Francisco Copello regresa a Chile luego de desarrollarse artísticamente durante 30 años principalmente en Italia y Estados Unidos, indagando intensamente en el lenguaje corporal a través de la fotografía, la performance, la pintura… ¿Cómo llegan a trabajar juntos?
-Trabajé en una librería llamada Taller Sol frente a la Plaza Brasil, y ahí empecé a conocer a mucha gente, entre ellos, Francisco Copello.
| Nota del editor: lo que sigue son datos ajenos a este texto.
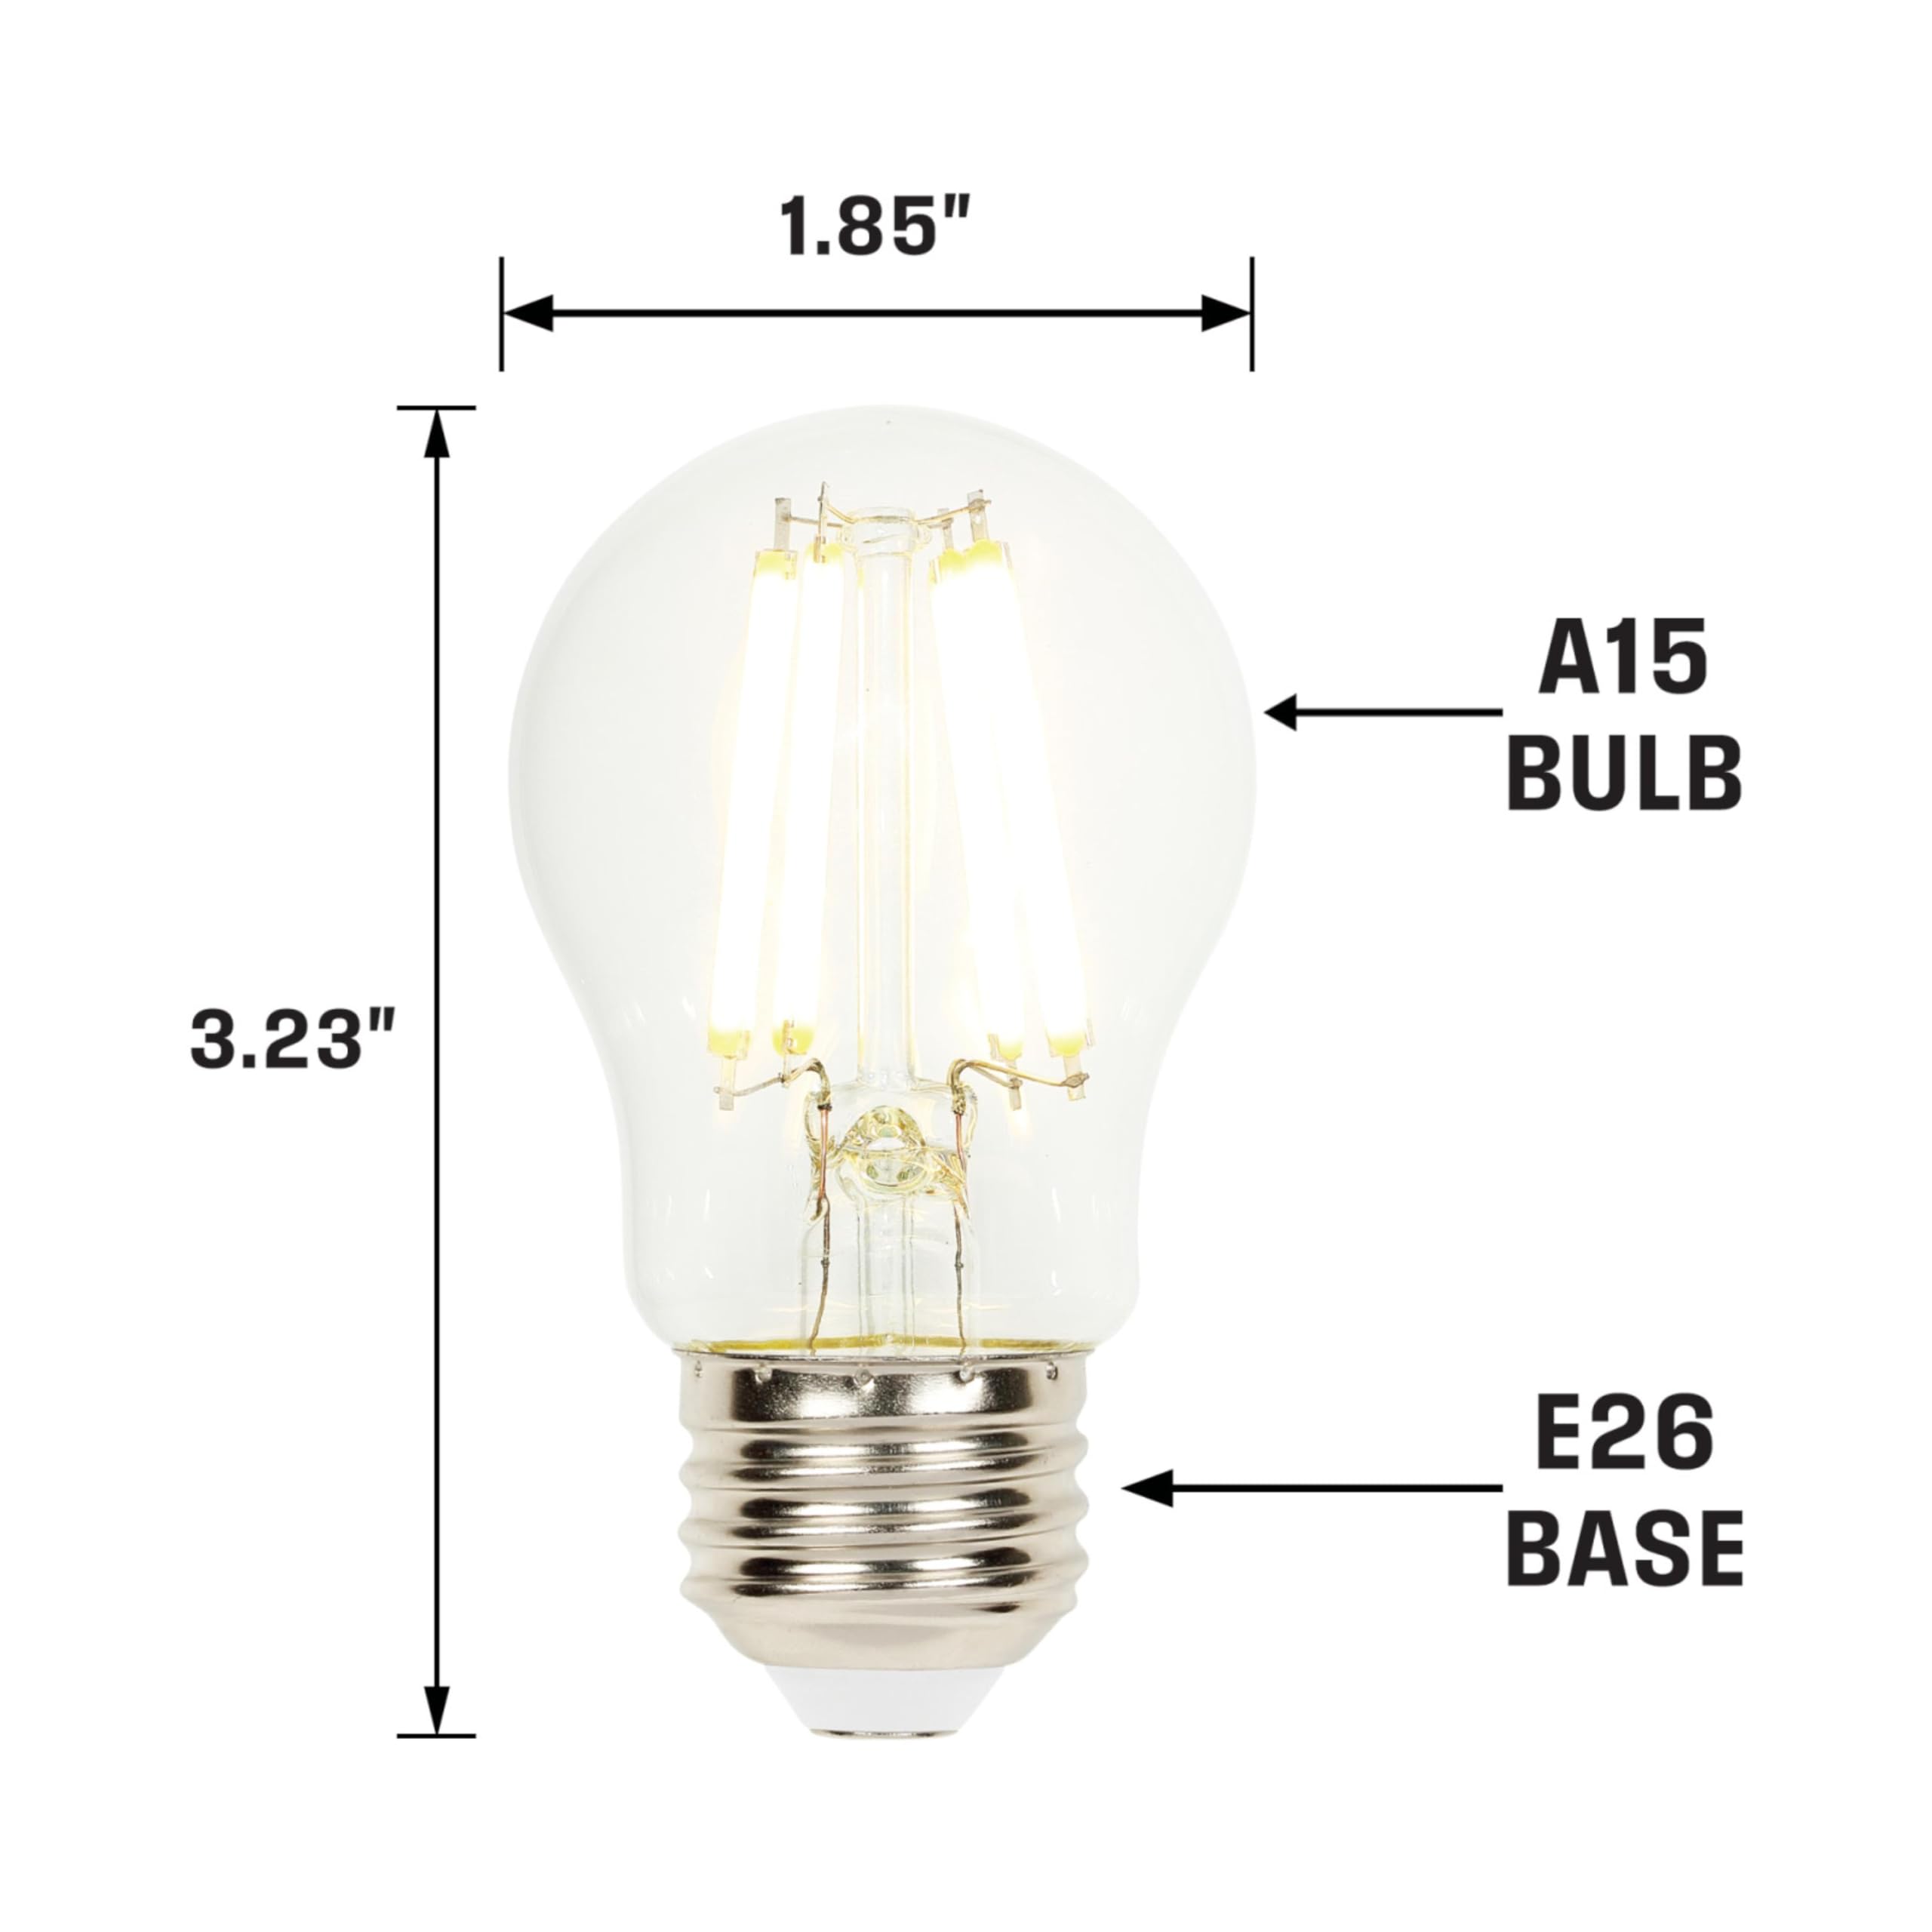 Westinghouse Lighting 5279000 9 Watt (100 Watt Equivalent) A15 Dimmable Clear Filament LED Light Bulb, Medium Base

Justo en esos años, él se encontraba recopilando parte de su vida y obra para un video (“El Vuelo del Ángel”), proyecto que finalmente nunca terminó, pero sí dejó algunos teasers en You Tube. Copello me atrajo desde antes que nos conociéramos; había leído un libro que hablaba de su trabajo y todo lo relacionado con la performance. Es interesante.

Y alimentando tu interés por la expresión corporal, musicalizas además danza Butoh (o danza de las tinieblas), una técnica que nace en Japón en los años 50 como una expresión identitaria de postguerra, que llega a Chile hace dos décadas. Has colaborado con Lobsang Palacios y Carla Lobos, dos exponentes nacionales…
-La Carla, que es un amor, es como un mito para mí, la conocía desde chica. Se hablaba por ahí de esta mina que había llegado de Alemania y se vestía como hombre. Y a Lobsang también, que es un “butoca” de calle, lo conozco hace mucho tiempo. Es alguien muy consciente políticamente, por lo que nos llevamos muy bien; hablamos lo mismo. Me atraen de este tipo de danza los seres fantasmales, la deformidad y el quiebre del cuerpo, lo que normalmente la gente encuentra feo o monstruoso. Además, es una danza milenaria y no hay una escuela oficial; cada interesado comienza a aprender por su propia cuenta. El Butoh no es una cosa estrictamente definida; son los diferentes maestros con los que estableces relaciones los que hacen que todo vaya mutando y evolucionando. El Primer Encuentro Internacional de Butoh se desarrolló hace poco, entre el 13 y el 18 de octubre del 2014.

***

Un gato de pelaje claro se asoma en la ventana mientras Villacura sopla por un silbato negro en forma de calavera. Antes de eso, dejó en claro su interés insaciable por la música local de todos los lugares que visita. De pronto, tras silencio prolongado, aclara: “Siempre he estado inmersa en ese mundillo muy loco para algunos. He conocido a tantas personas y tantos sabores que al final la experiencia no tiene precio. Quiero seguir trabajando como lo estoy haciendo ahora; siempre abierta a nuevas propuestas y a seguir madurando. El ego tiene que estar lejos aunque, claro, siempre hay una cuota de ego en lo que se hace. Creo que ya está todo hecho, pero el artista hace pociones en base a lo disponible. Siempre voy a estar receptiva a invitaciones. Pretendo grabarme, aprender a hacerlo; registrar material y dejarlo online. No me interesa ganar plata con eso. Quiero seguir tomando riesgos. Osea, si me invitan a un evento con mucho público y debo musicalizar una obra teatral que me desafía, aceptar esa invitación. Caer en la improvisación, continuar. Viajar es una gran escuela, guardar plata en el chanchito, cambiar de ambiente, conocer otras maneras de ver la vida”. Cual catrina mexicana, no le teme a la muerte.